Wildman relied on several English Court of Appeal decisions, including R v Skinner, R v Shaw, and R v Momodou, which warn against discussions between witnesses before they testify.
He told the court that the authorities make it clear that witnesses should give their own independent recollection of events, and that discussions about evidence between witnesses risk contaminating testimony.
Wildman argued that the circumstances in the present case were even more serious because the “closed door” meeting involved both another witness and the prosecutor.
He said the witness’s statement was reportedly placed on the table and discussed among those present, which he said could influence the evidence that would later be given in court.
The attorney further contended that such conduct could undermine the fairness of the trial and the constitutional right of the accused to a fair hearing.
Wildman also submitted that anyone who engages in discussions that influence or alter a witness’s testimony risks interfering with the administration of justice and could be charged with perverting the course of justice, based on common law principles.
He urged the court to rule that the witness’s evidence was “incurably bad” and should be excluded entirely from the proceedings.
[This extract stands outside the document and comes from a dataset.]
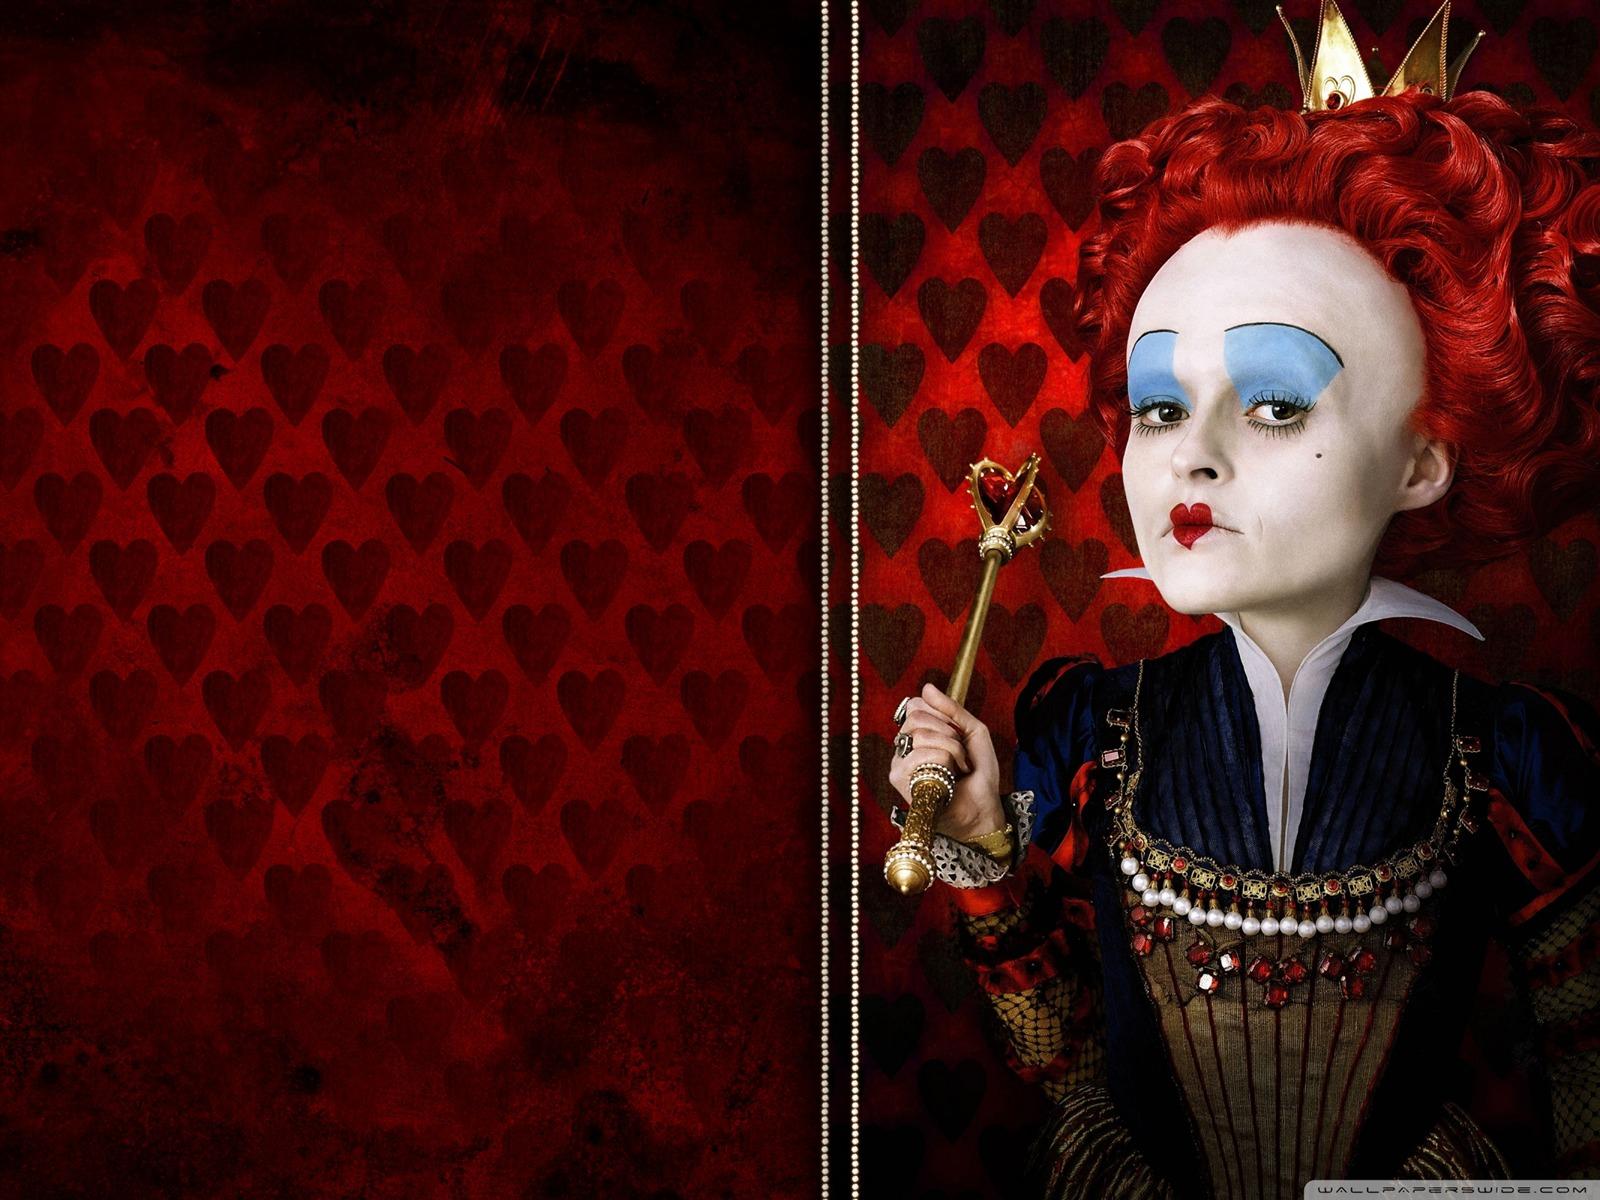 Description queen of hearts Alice in Wonderland Movie HD Wallpaper 01 1600x1200
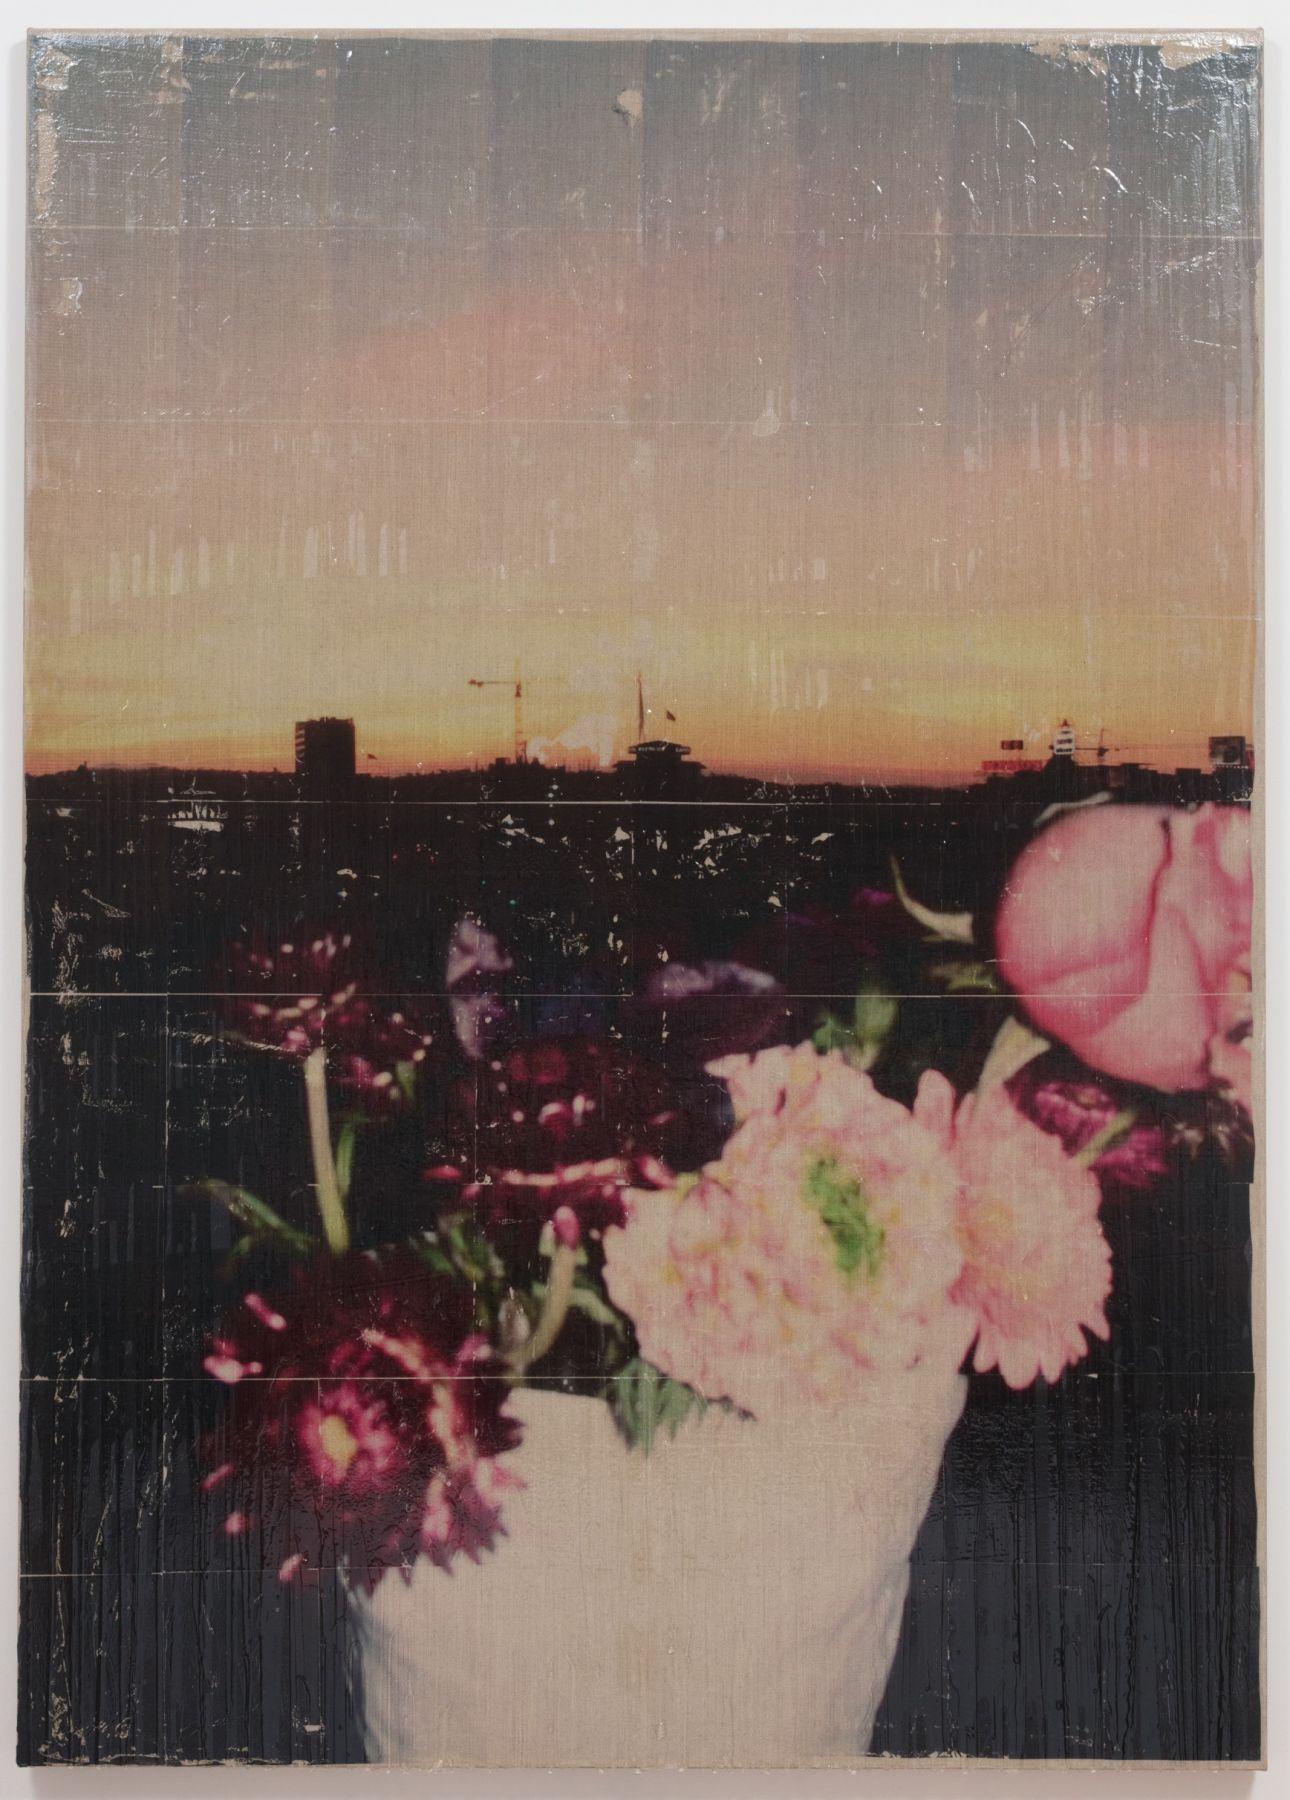 Parker Ito Capitol Records Shits Toots (sunrise bouquet w/ crane), 2016

Wildman also suggested that the court may need to consider how the trial should proceed in light of the issue, noting that the six accused officers are entitled to a fair trial before an impartial tribunal and further, that the prosecutor and the Crown’s case are both “untenable”.
“I can’t see how this case can continue in the situation that the prosecutor has created,” Wildman said, while submitting that the eyewitness is a trained witness who was selective in her memory.
Sergeant Simroy Mott, Corporal Donovan Fullerton, and constables Andrew Smith, Sheldon Richards, Orandy Rose and Richard Lynch are currently on trial for murder in connection with the January 12, 2013 fatal shooting of Matthew Lee, Mark Allen and Ucliffe Dyer.
The female eyewitness testified that she saw police personnel chasing one of the men who exited the vehicle with his hands raised, ran and jumped a wall, before he was shot to death.
The witness, who observed parts of the incident from the window of her third-floor apartment, said she also saw two other men. One was standing outside a Mitsubishi Outlander with what appeared to be paper in his hand and another was sitting toward the back of the vehicle. She later saw both men lying lifeless on the ground.
Wildman is to respond to Pyke’s argument today.